The other cool thing, which is an offshoot of the RE, is that we can get Linear Weights. For example, in the 1974-1990 run environment, I get these LWTS values, for walks, singles, doubles, triples, HR:
.37, .49, .77, 1.07, 1.48
The walk value is much higher than I would want, and the single is a little bit higher than I want, as is the HR. The reason for the walk is that walks are distributed evenly in my program, when in reality it is not. This causes a .02 run effect. As for the single and walks, because there are no outs on base (principally DPs), this gives the illusion of the run value of being on 1B is higher than it should be. Not sure yet why the HR is where it is, but chances are it has to do with the outs on base issue.
Now, let’s bump up our run environment so that our team has an OBP of .500. The runs per game is now at 14.4. What is our new LWTS?
.63, .76, 1.02, 1.24, 1.52
We can see here how the HR run value barely moves up, while the other events all move up by around .25 runs.
What if we shoot up the run environment so that the OBP is .750? Now, we have 65 runs per game. The new LWTS values are:
.88, .96, 1.09, 1.18, 1.31
We see here that the run values of most events start to converge towards 1.00, as expected (according to BaseRuns).
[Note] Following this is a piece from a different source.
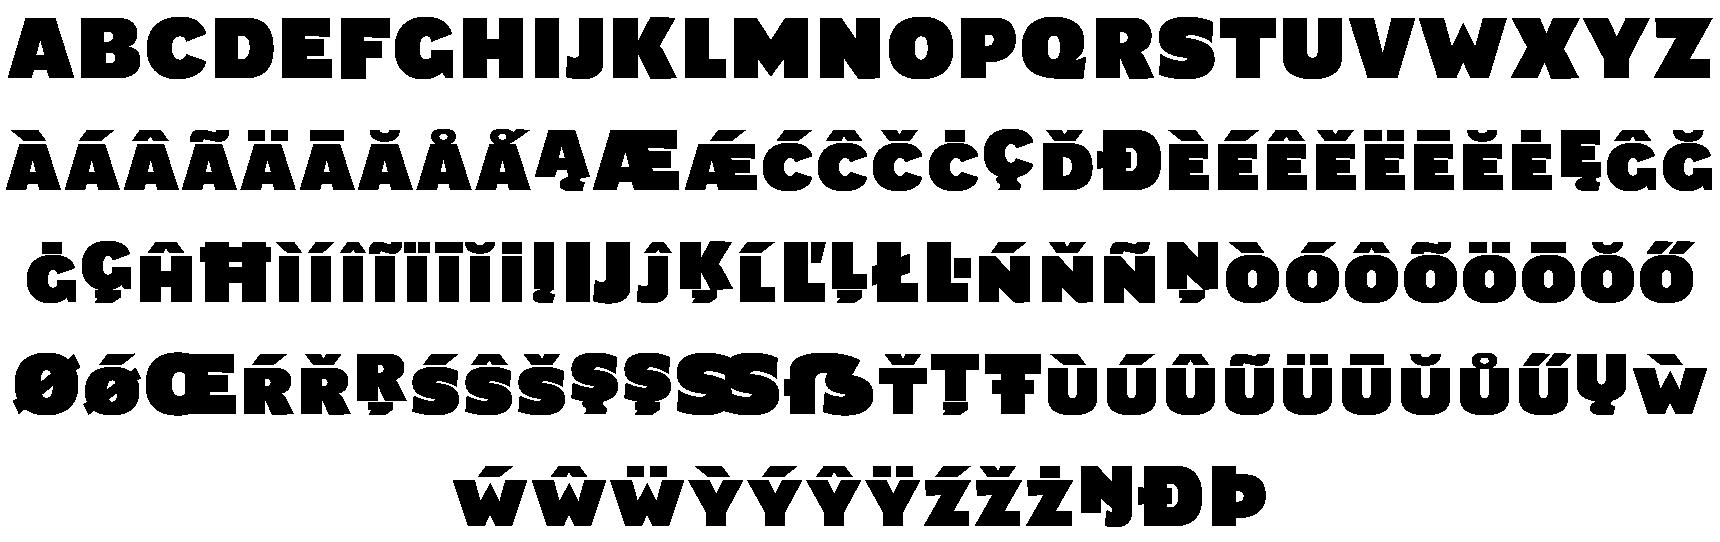 <p><em>Lettershapes change from font to font</em><br /><br />Main forms</p> glyphs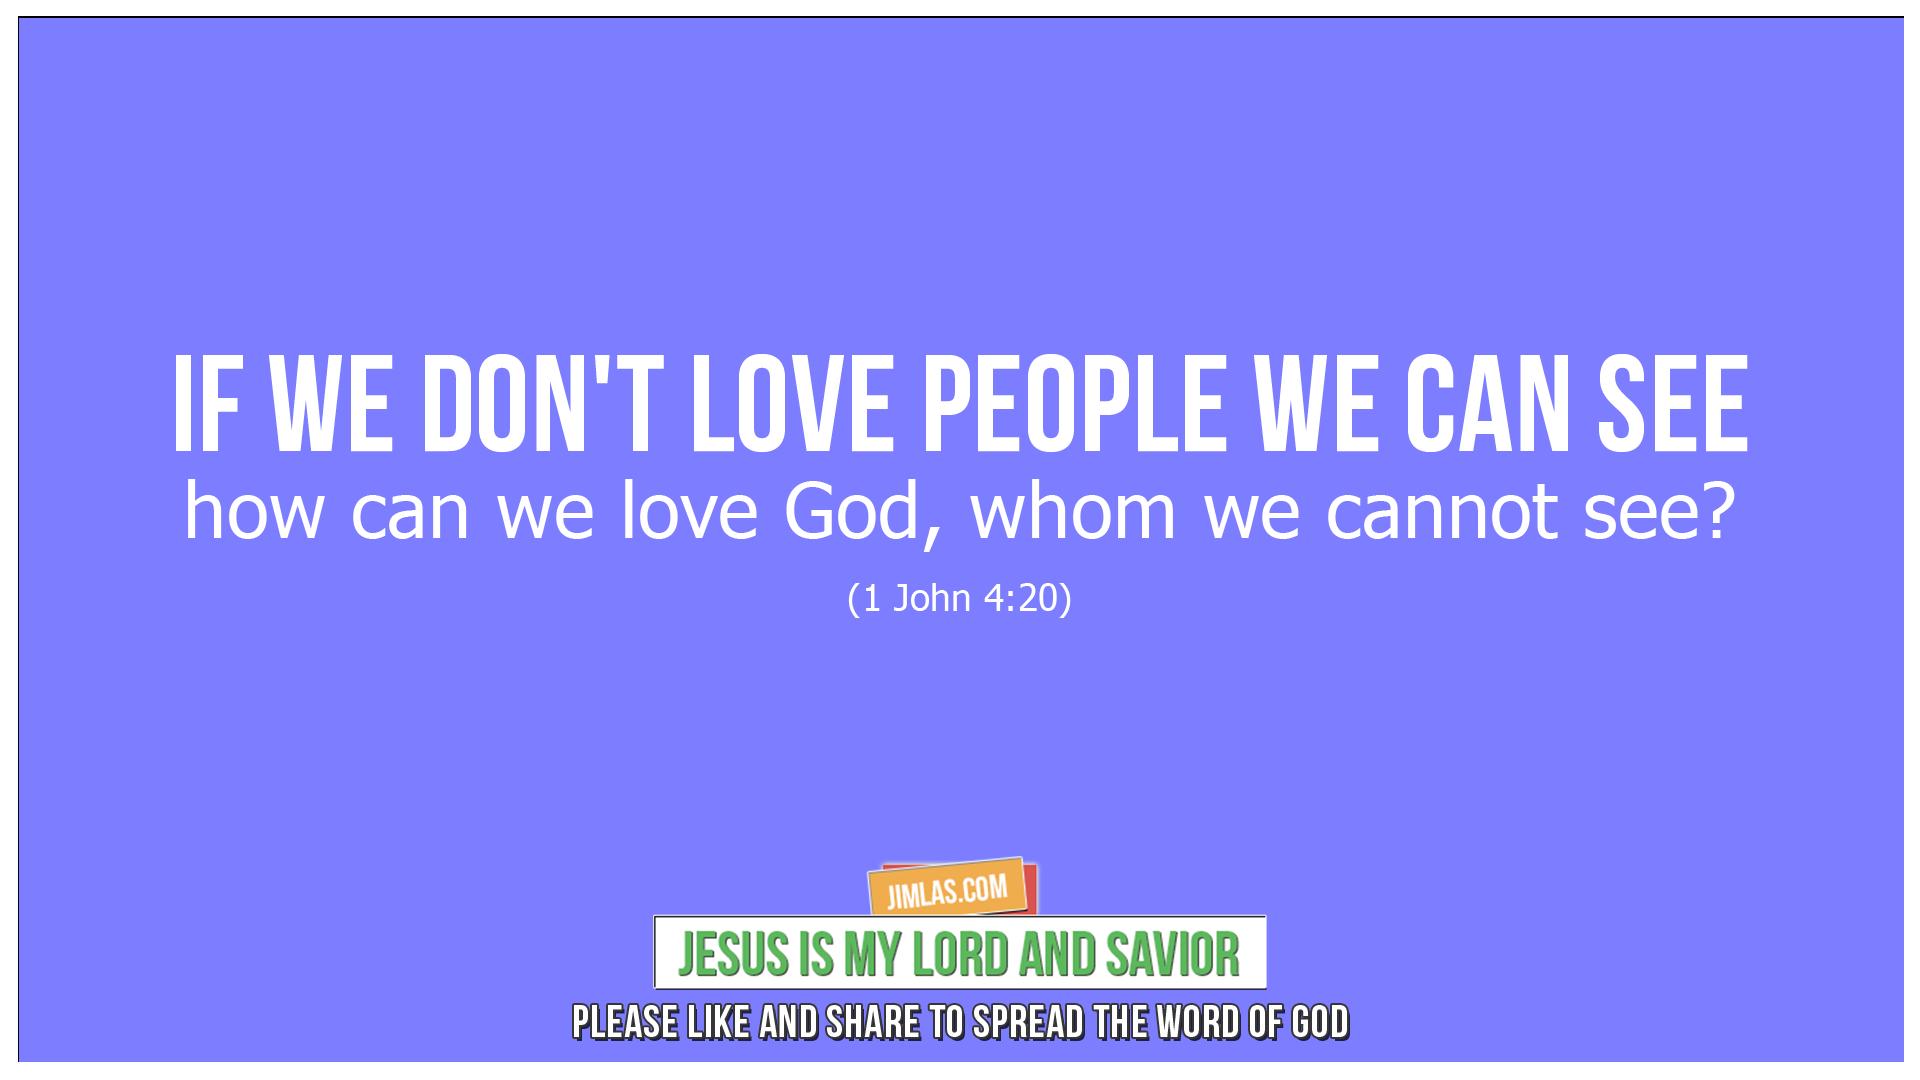 1 john 4 20, 1 John 4:20

Finally, let’s bump up the OBP to .900. That’s 226 runs per game! The run values are:
.96, .99, 1.04, 1.07, 1.12
We can see now that all the events are rapidly converging towards a run value of 1.00 for each one.
This Markov calculator should become the basis in which to evaluate all run estimators (with some adjustments for the issues discussed).